Dans une vidéo que nous avons eu à commenter dans l’interview de BTLV [1], un radiologue se présentant comme ayant 35 ans d’expérience présente un os coupé (en position anatomique de l’humérus) comme une fracture, alors qu’on voit nettement un os coupé et collé au niveau du coude grâce à un amas de matière opaque. L’os a été raccourci pour avoir la même longueur que son homologue de l’autre côté. En revanche, on ne voit sur ces radios ou sur les scans ci-dessous aucune trace de masse musculaire, il s’agit d’os secs enrobés de papier ou d’une matière à identifier.

On voit également sur cette radio que les os situés en position des fémurs sont des os juvéniles (présence de cartilages de conjugaison) alors que d’autres os longs ne présentent pas ces cartilages. Il s’agit donc d’un assemblage d’os animaux provenant d’individus d’âge différent.

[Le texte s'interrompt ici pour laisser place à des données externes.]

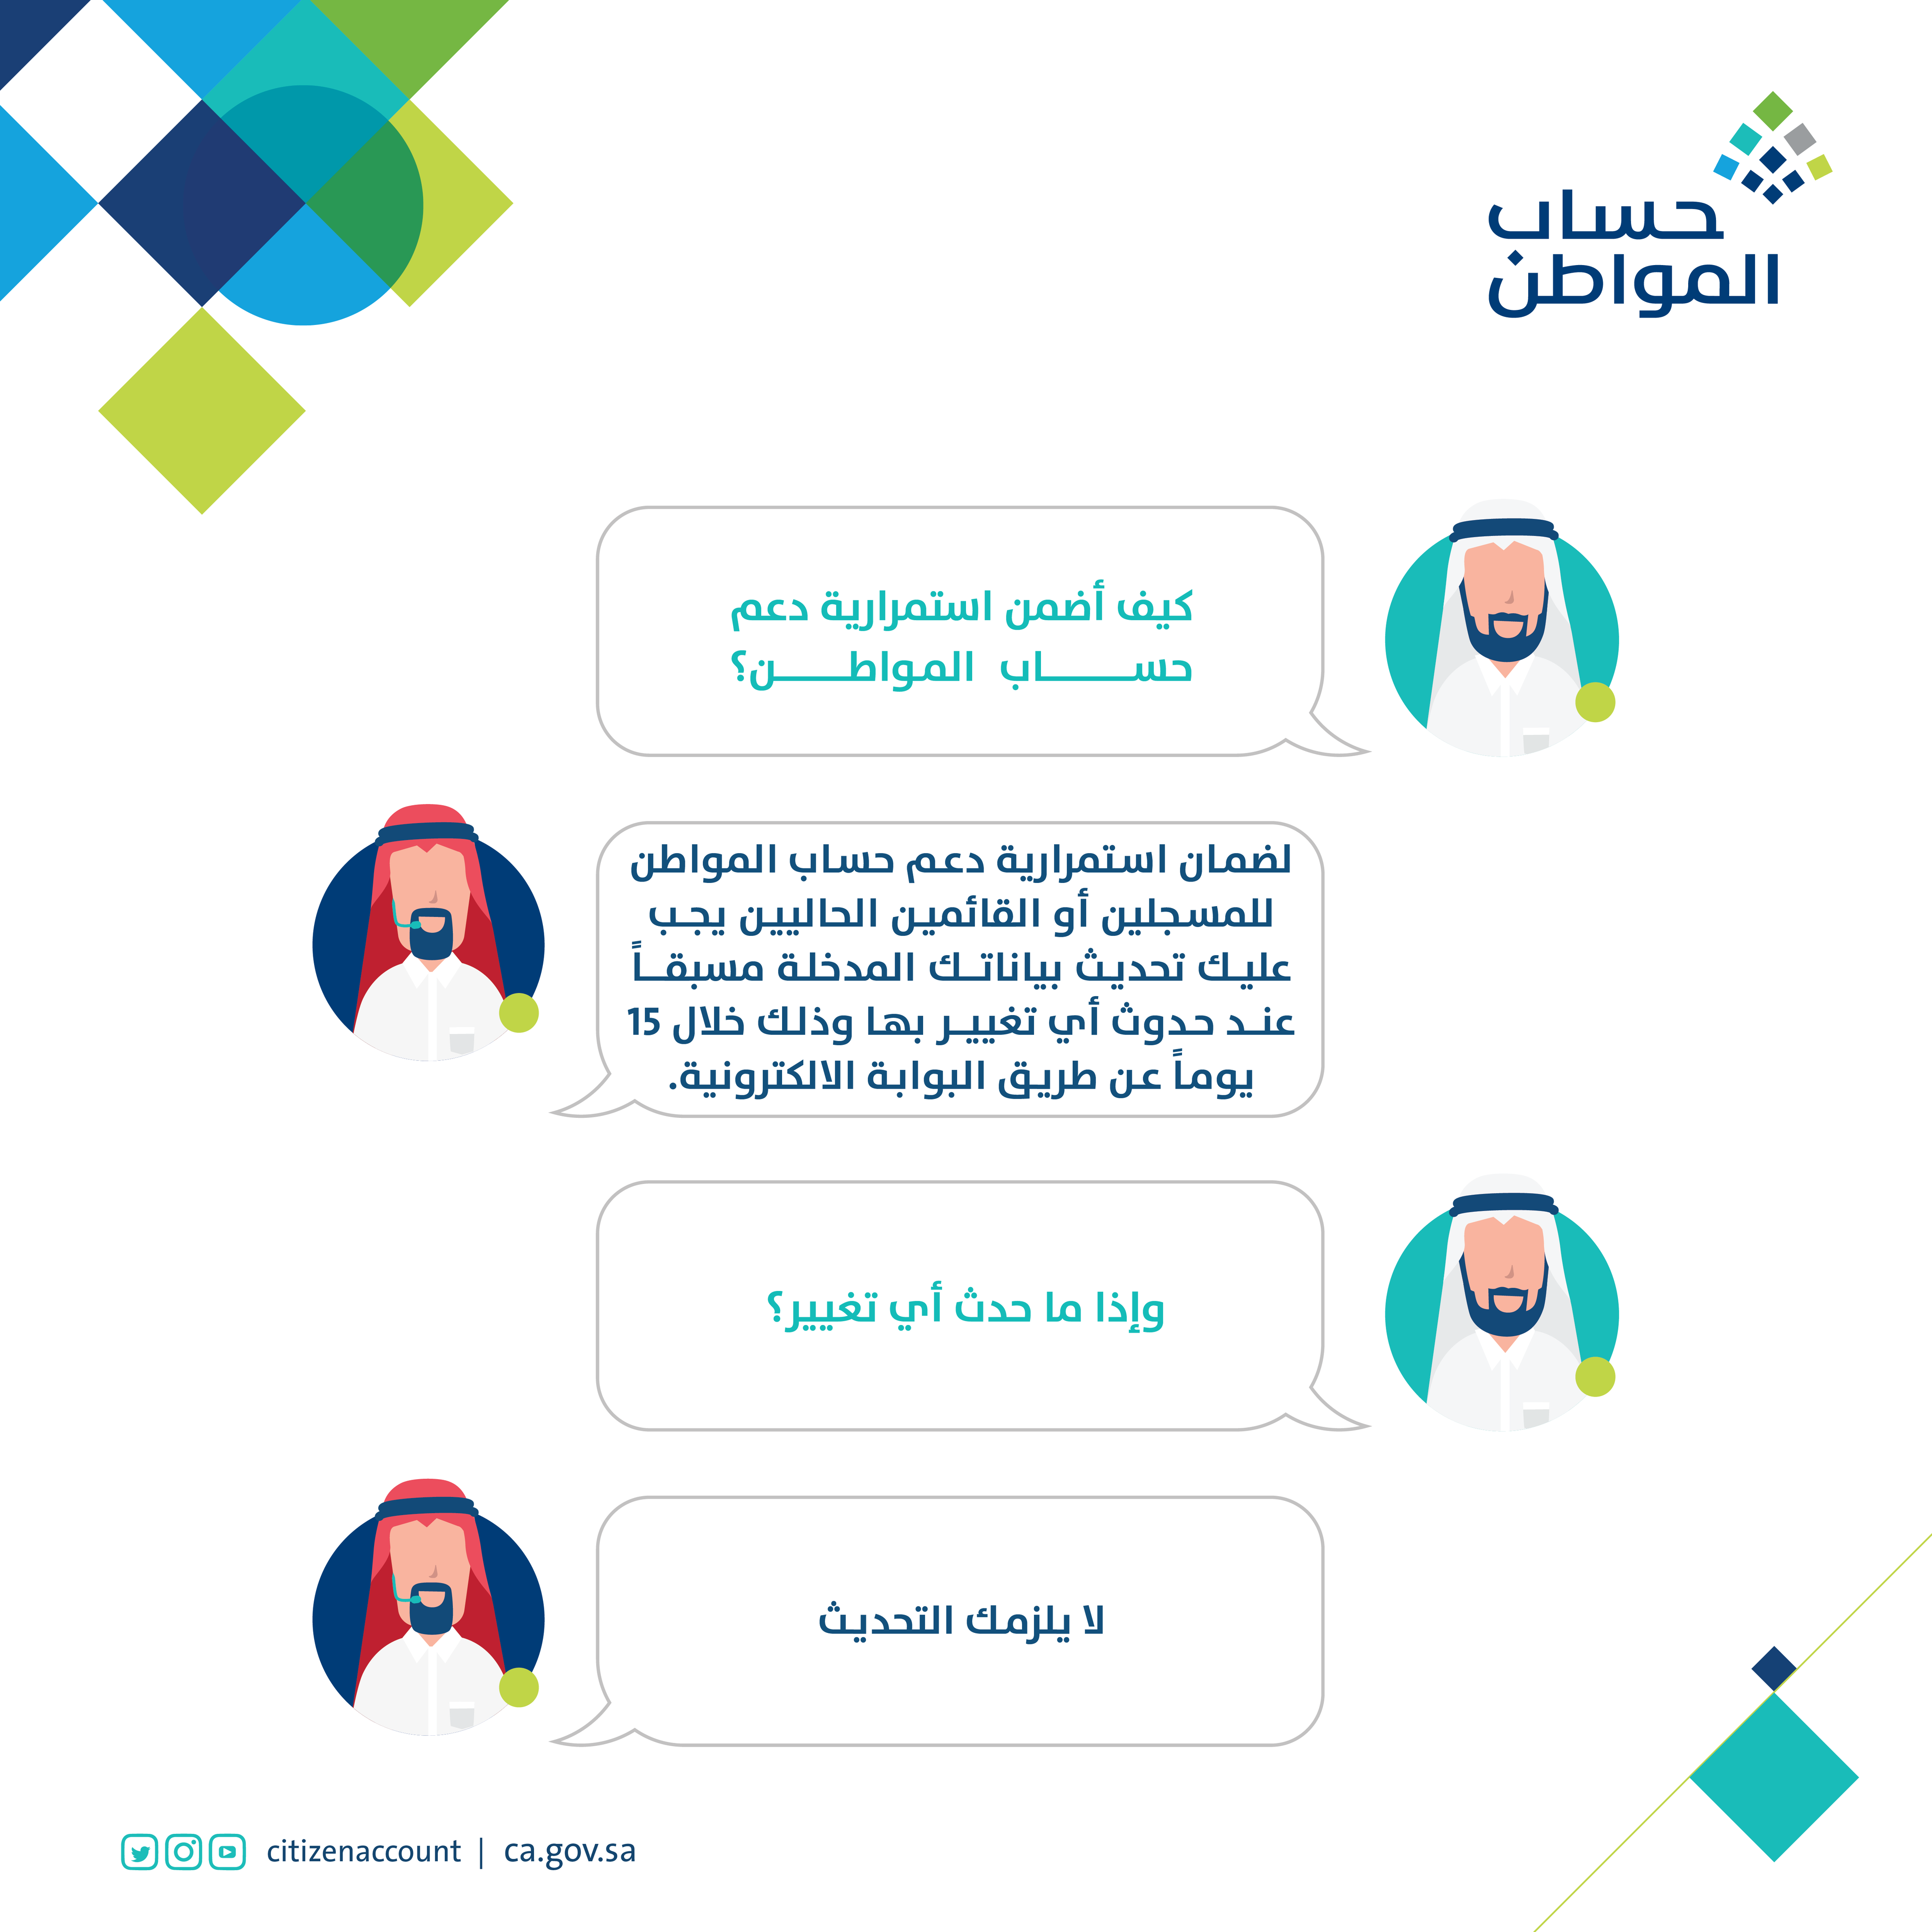 الاستعلام عن قيمة الدعم المخصص من حسابة حساب المواطن والتعرف على طريقة تحديث البيانات 1 - مدونة التقنية العربية

Enfin, la vidéo montre des images du scanner qui a été fait (mais auxquels les fichiers à notre disposition ne correspondaient pas) ; on y voit, comme sur les radios, que l’avant-bras (antebrazo) est constitué d’un seul os et non de deux comme chez les reptiles (et bien sûr les mammifères), ce qui signifie que la main était bloquée sans pouvoir effectuer des mouvements de pronation et supination. En outre, cet os de l’avant-bras n’a ni la même longueur ni la même épaisseur de corticale à droite et à gauche, ce qui signifie que ces deux os proviennent d’individus différents.

En conclusion, il semble que soit les examens ont été effectués avec des appareils de très mauvaise qualité, soit les documents communiqués sont volontairement médiocres pour empêcher une analyse précise. A ce jour, on attend toujours des images scanner de qualité correcte permettant une visite virtuelle du contenu de ces mannequins surnommés Alberto et Josefina. Malgré des demandes répétées ces scans ne nous ont pas été transmis, et on attend donc leur publication de la part de l’inventeur.

Enfin, en ce qui concerne la momie surnommée Maria, il s’agit d’une authentique momie précolombienne, dont la datation radiocarbone est correcte (1700 ans Before Present), porteuse d’une déformation crânienne typique de la région, bien visible au scanner et sur les radios, mais dont les oreilles ont été coupées et les mains et les pieds mutilés pour faire croire à une tridactylie, tandis qu’une fente palpébrale horizontale factice a été façonnée sur les orbites pour donner une allure reptilienne.

En conclusion, ces restes hétérogènes (il y a aussi des mains « géantes » où des phalanges et des métacarpiens humains ont été intercalés, parfois à l’envers, pour rallonger les doigts) sont clairement des montages fabriqués, en dehors d’une momie véritable et ancienne sur laquelle ont été pratiquées des manipulations.